The `CASCADE` automatically installs `pgvector` and `plpython3u` extensions.

### Use pgai

Now, use pgai to integrate AI from [Ollama](./docs/ollama.md) and [OpenAI](./docs/openai.md).
Learn how to [moderate](./docs/moderate.md) and [embed](./docs/delayed_embed.md)
content directly in the database using triggers and background jobs.

## Get involved

pgai is still at an early stage. Now is a great time to help shape the direction of this project;
we are currently deciding priorities. Have a look at the [list of features](https://github.com/timescale/pgai/issues) we're thinking of working on.
Feel free to comment, expand the list, or hop on the Discussions forum.

To get started, take a look at [how to contribute](./CONTRIBUTING.md)
and [how to set up a dev/test environment](./DEVELOPMENT.md).

## About Timescale

Timescale is a PostgreSQL database company. To learn more visit the [timescale.com](https://www.timescale.com).

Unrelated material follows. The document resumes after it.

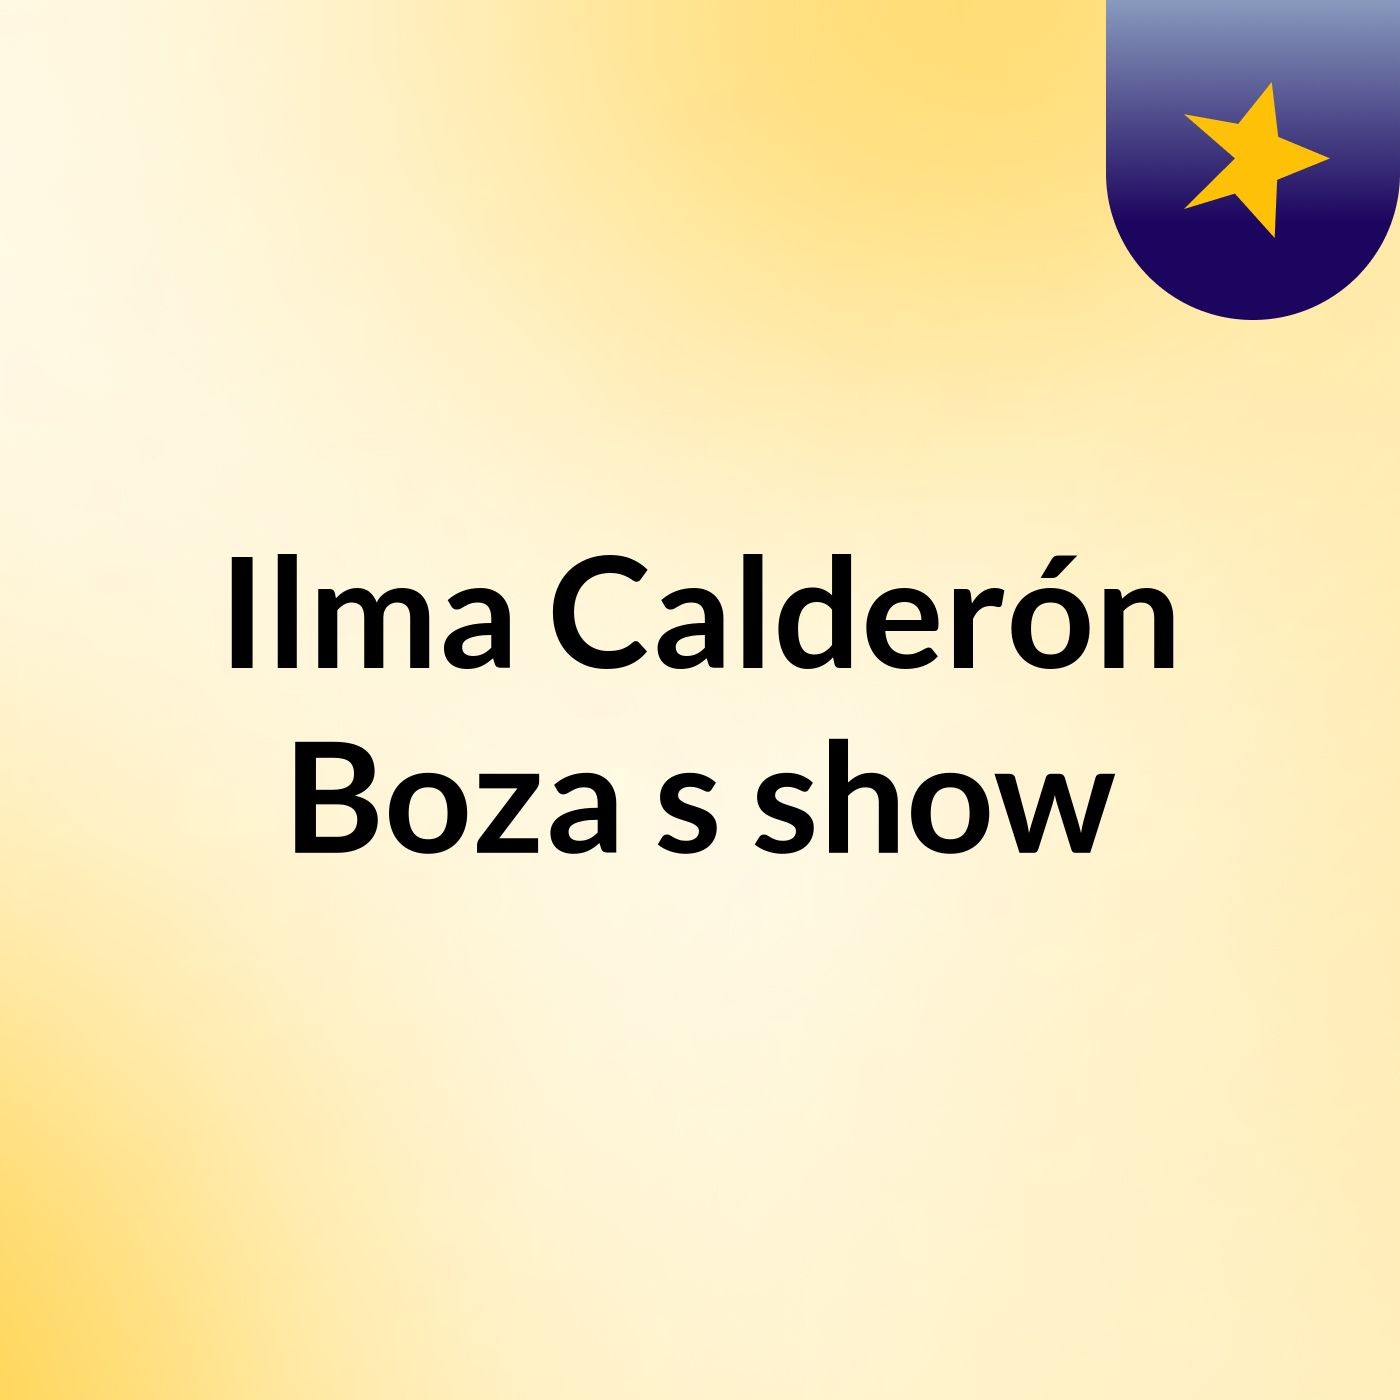 Ilma Calderón Boza's show
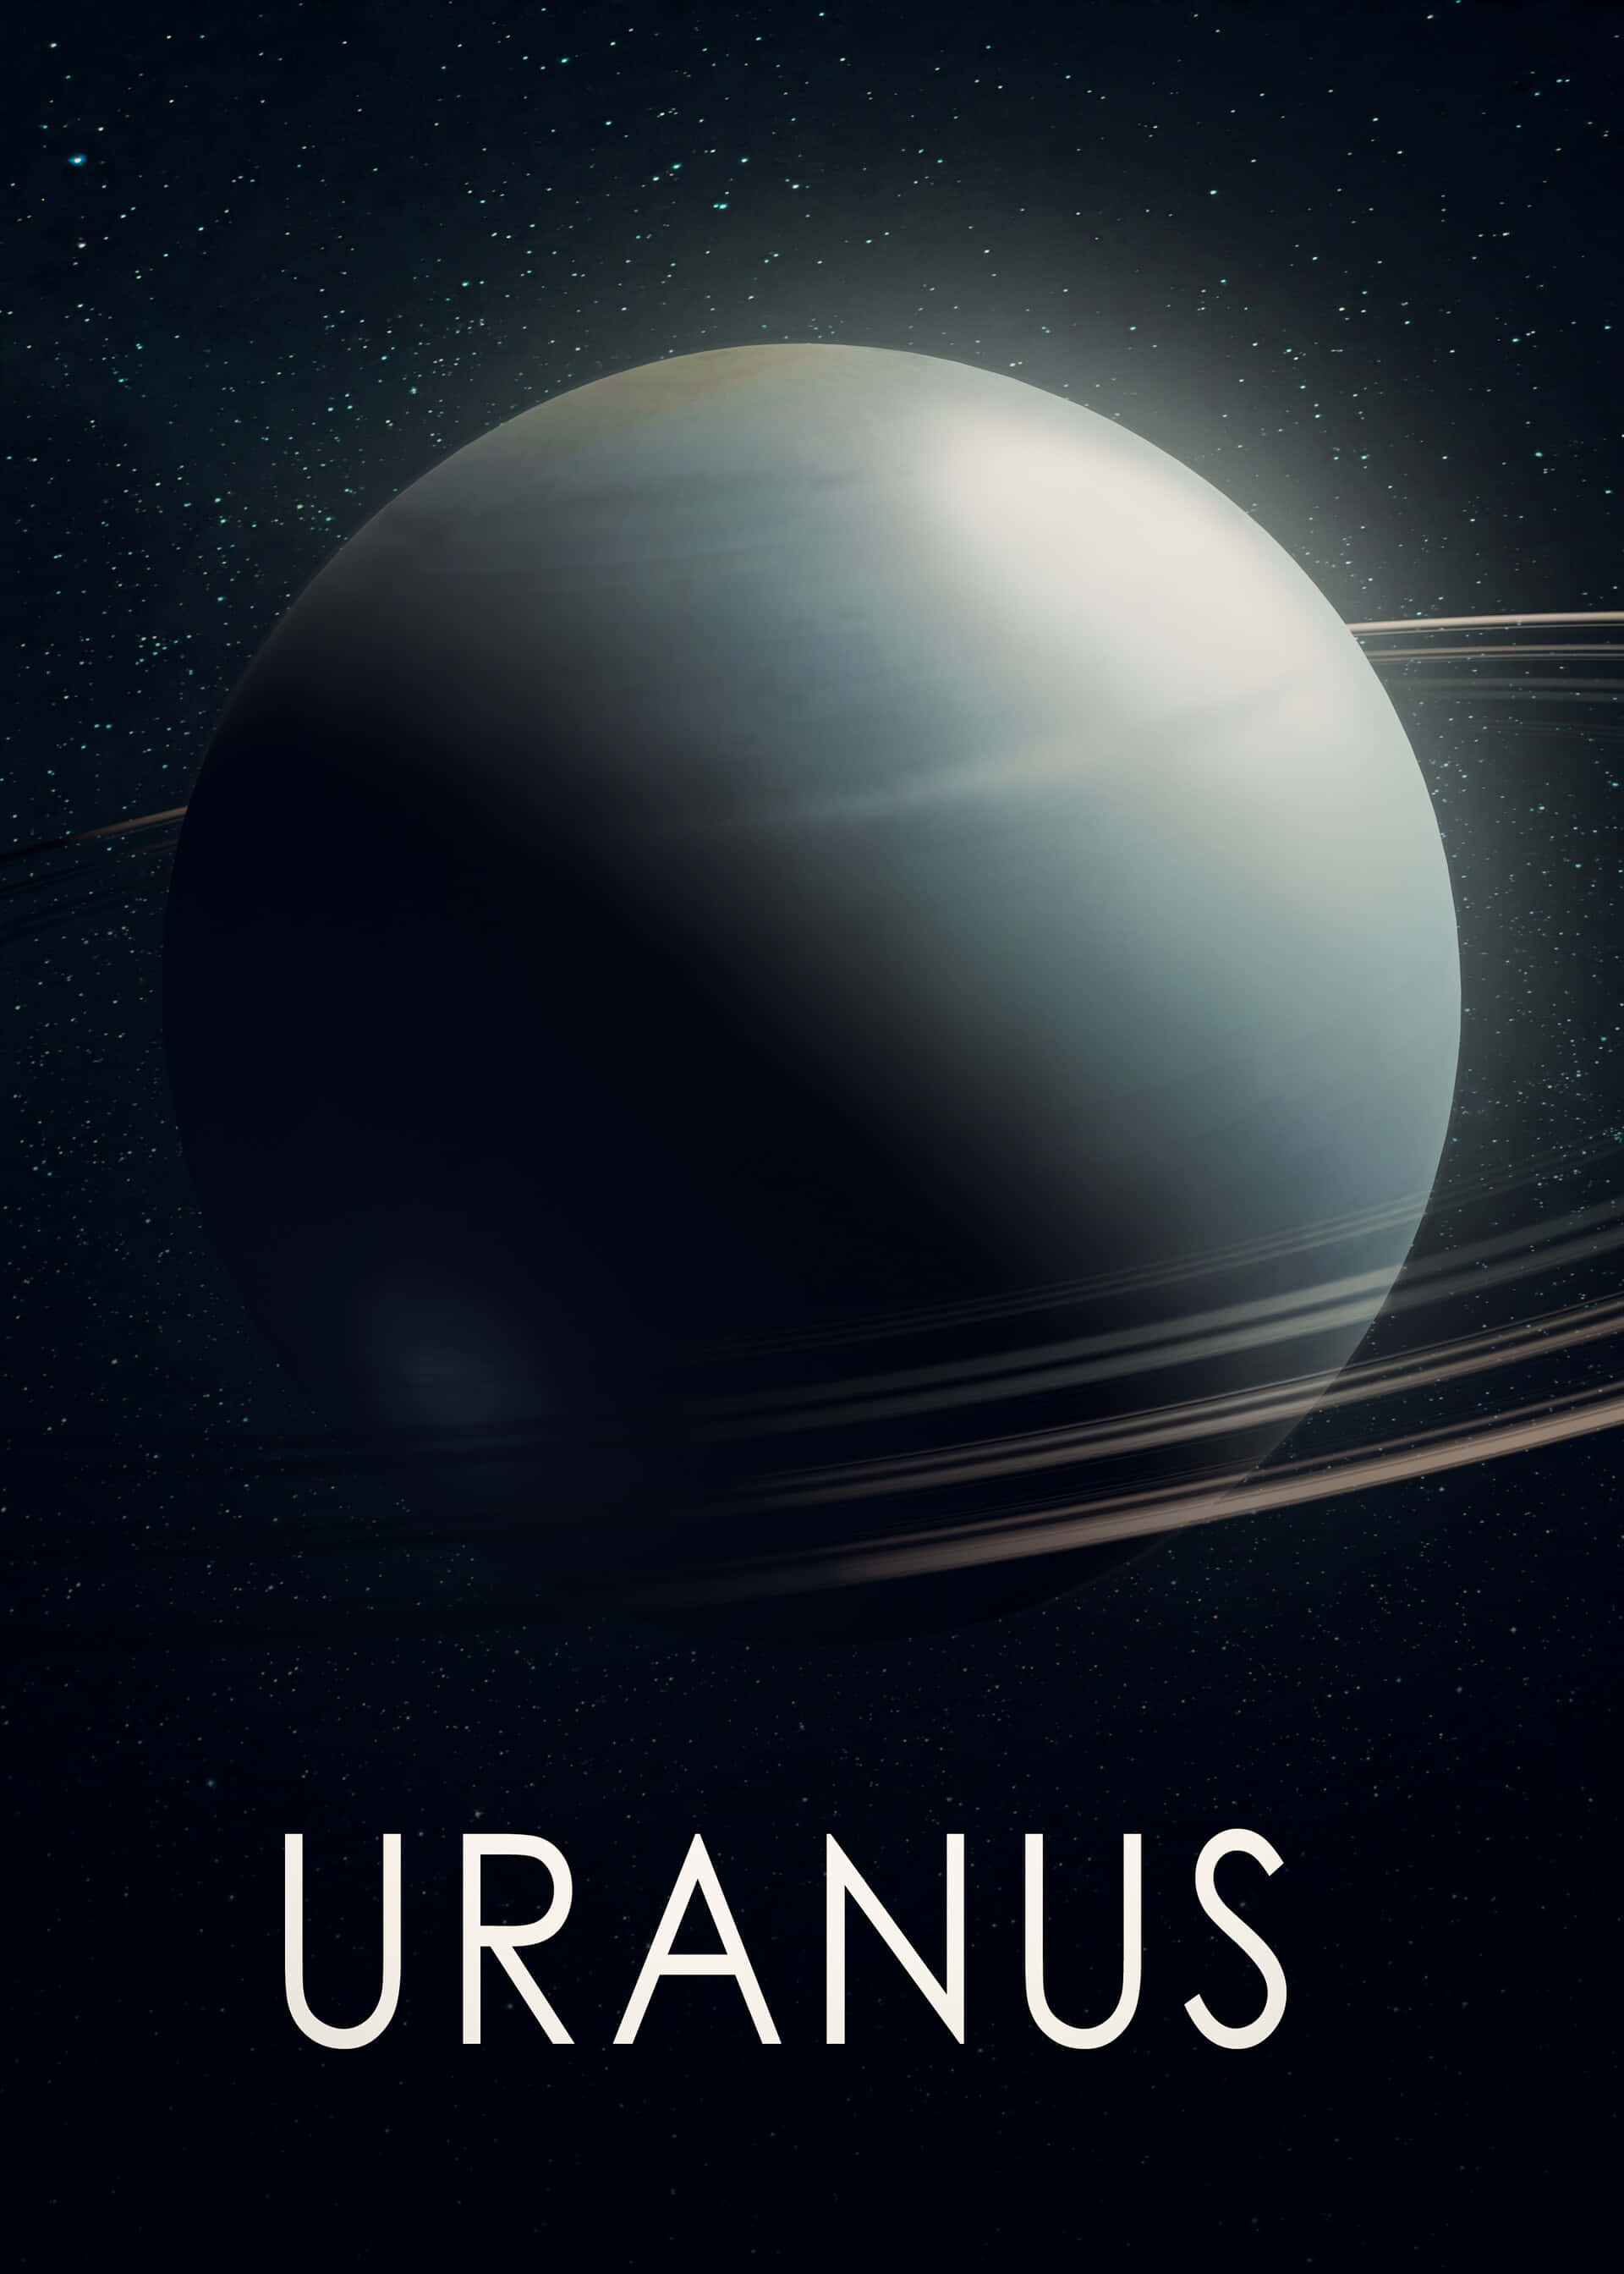 Get lost in the deep blues of Uranus

Timescale Cloud is a high-performance, developer focused, cloud platform that provides PostgreSQL services
for the most demanding AI, time-series, analytics, and event workloads. Timescale Cloud is ideal for production applications and provides high availability, streaming backups, upgrades over time, roles and permissions, and great security.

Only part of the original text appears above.